Now, the two men explained that overt animus like that was fairly uncommon on the job. Instead, they complained of a corrosive obliviousness to race, discernible in acts as unsubtle as dinner-table condemnations of affirmative action and as seemingly innocuous as a recreation-room preference for Fox News.
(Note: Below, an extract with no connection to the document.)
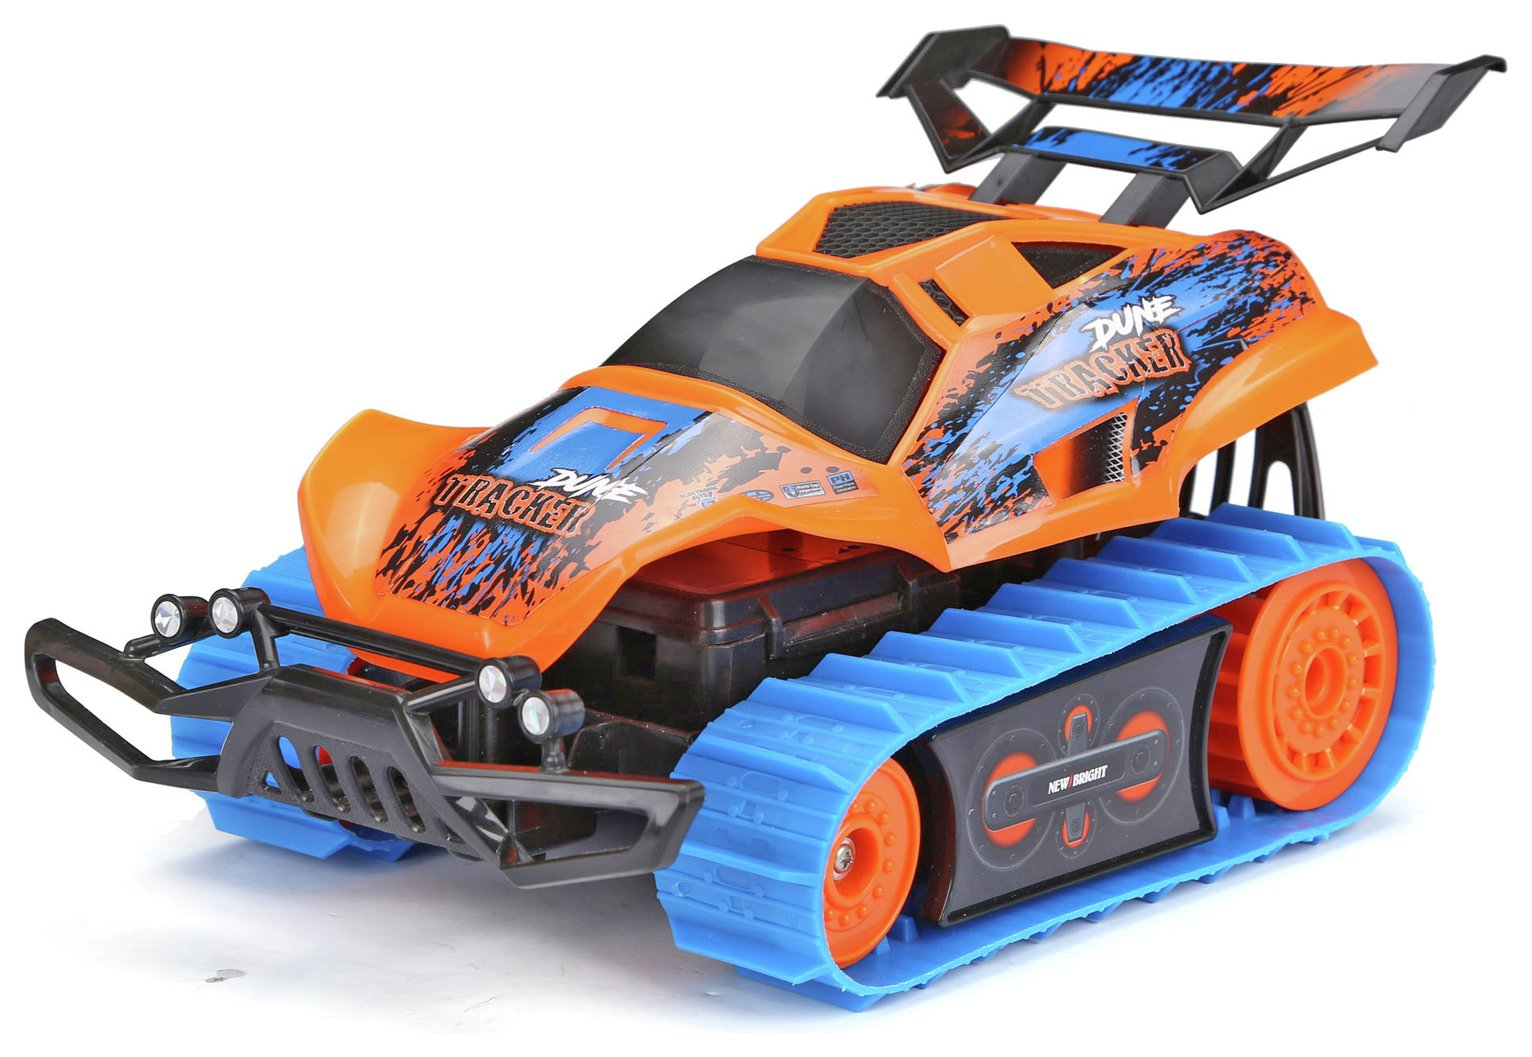 Dune Tracker 1:18 Radio Controlled Car

“Our experience is different,” Captain Washington said. “There’s 50 white guys in a firehouse from the same background — middle-class, Long Island, the kids play soccer together — so, yeah, they’re having a ball. But if you’re the one black guy in the house, maybe you ain’t having so much fun.”[A Fire Department Under Pressure to Diversify, By Alan Feuer, August 28, 2011]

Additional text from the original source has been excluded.